Intel software engineers released oneDNN 3.8 to end out the week with various new performance optimizations and more.
The Intel oneDNN library that is now part of the UXL Foundation serves as the building blocks for AI / deep learning applications. This library provides basic building blocks for deep learning applications and is aggressively optimized for Intel’s hardware offerings but with time has also developed robust support for competitor hardware platforms too.
With oneDNN 3.8 there are continued Intel AMX enhancements, better Panther Lake Xe3 integrated graphics performance, refinements for existing Xe2 graphics support, and other optimizations to benefit Intel’s recent and upcoming CPU and GPU products.
“Intel Architecture Processors
– Improved matmul and inner product primitives performance on processors with Intel AMX instruction set support.

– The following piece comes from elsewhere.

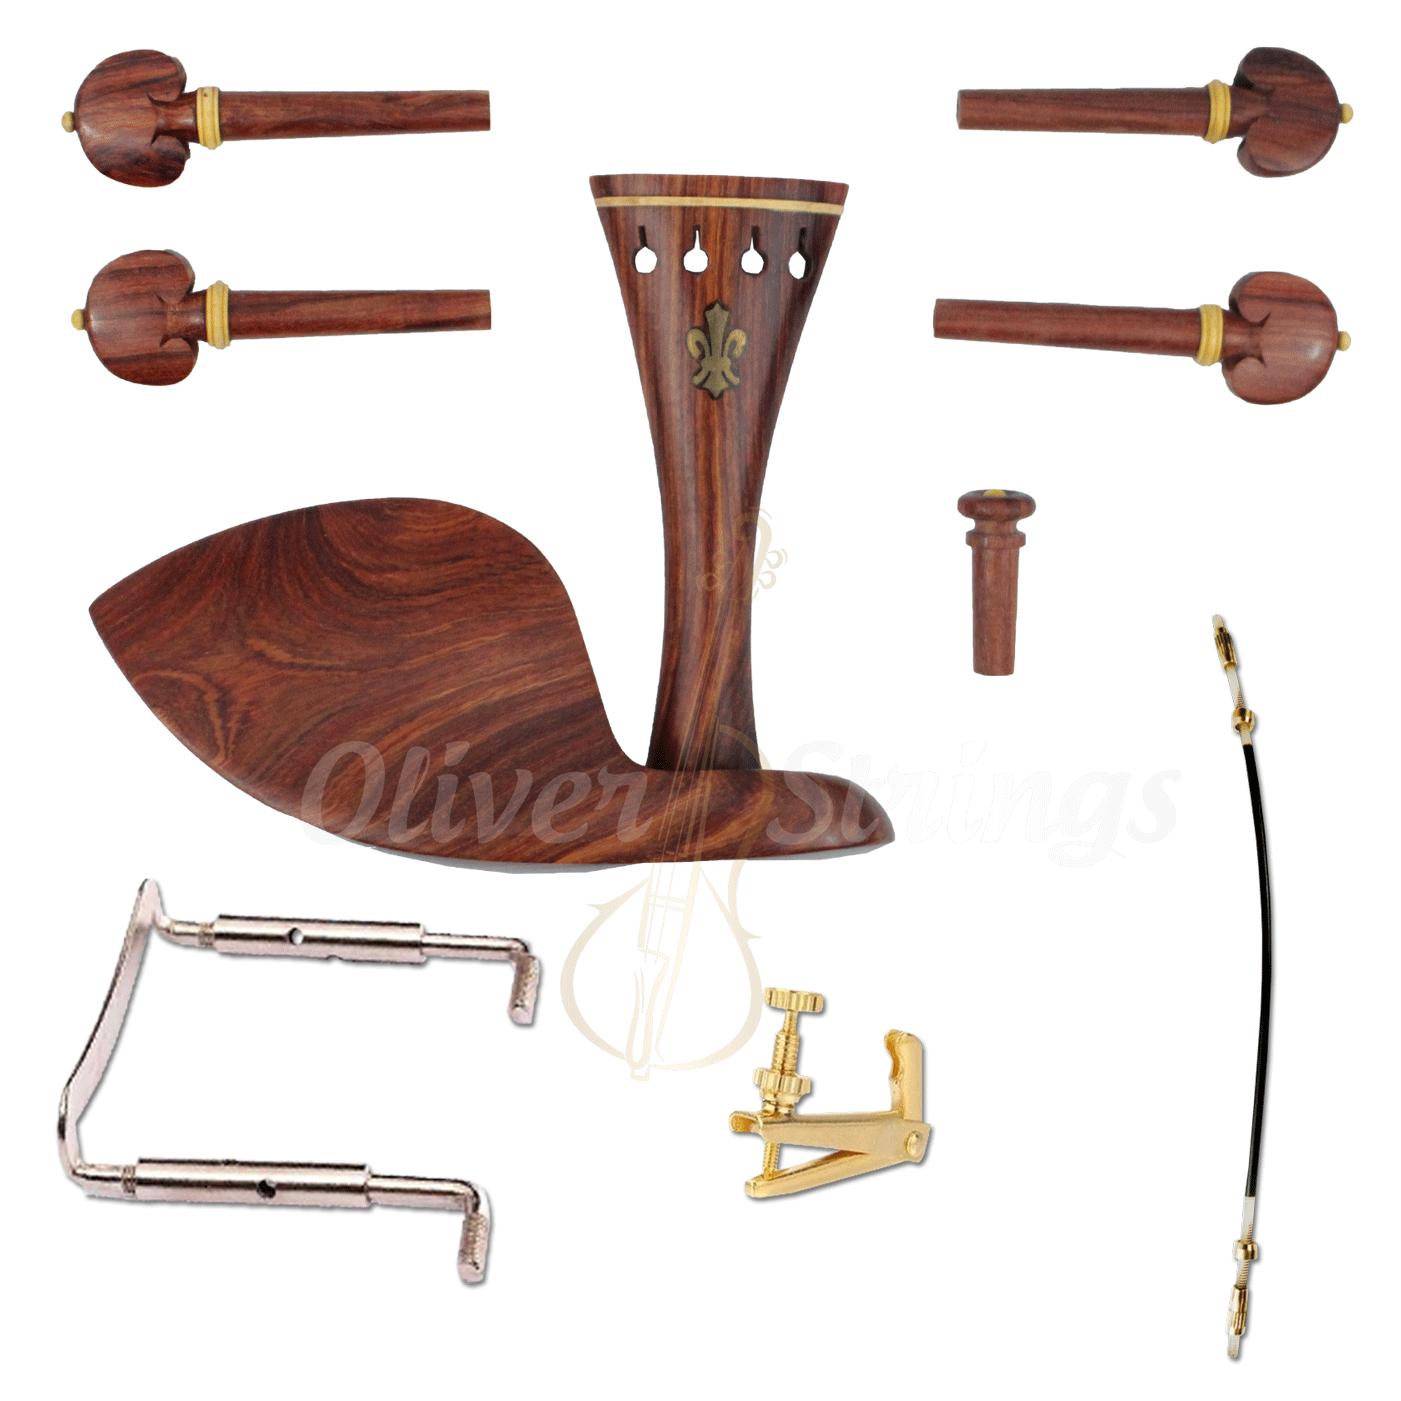 Kit De Montagem Para Violino 4/4 Rosewood Completo Flor de Lis

– Improved performance of convolution and inner product primitives on processors with Intel AVX2 instruction set support.
– Improved performance of int8 convolution support with zero points.
– Improved fp32 convolution performance with fp16 and bf16 compressed weights on processors with Intel AVX2 or Intel AVX-512 instruction set support.
– Improved fp16/bf16 depthwise convolution performance with fp32 bias or sum post-ops or dilation.
– Improved bf16 pooling backpropagation performance.
– Improved binary post-ops performance with per_w broadcast.Intel Graphics Products
– Improved performance on Intel Arc graphics for future Intel Core Ultra processors (code name Panther Lake).
– Improved convolution performance on:
Intel Arc Graphics for Intel Core Ultra processor series 2 (formerly Lunar Lake).
Intel Arc B-series discrete graphics (formerly Battlemage).
– Improved int8 matmul performance with zero-points support for source and weight tensors.
– Improved f4_e2m1 and f4_e3m0 matmul and reorder performance.
– Improved performance of the following subgraphs with Graph API:
Scaled Dot Product Attention (SDPA) with int4 and int8 compressed key and value.
fp16/bf16 SDPA with fp32 intermediate data types. Using fp32 intermediate data types is recommended.
SDPA with head size 512 and 576.
Grouped Query Attention (GQA) with 5D input tensors.”
The oneDNN 3.8 release also has FP16, INT8, and BF16 optimizations for AArch64 processors, Graph API support for NVIDIA GPUs, ROCm 6 support on AMD CPUs, and a variety of other smaller enhancements.
Downloads and more information on the oneDNN 3.8 library release for building out deep learning applications via GitHub. New oneDNN benchmarks soon for upcoming hardware releases.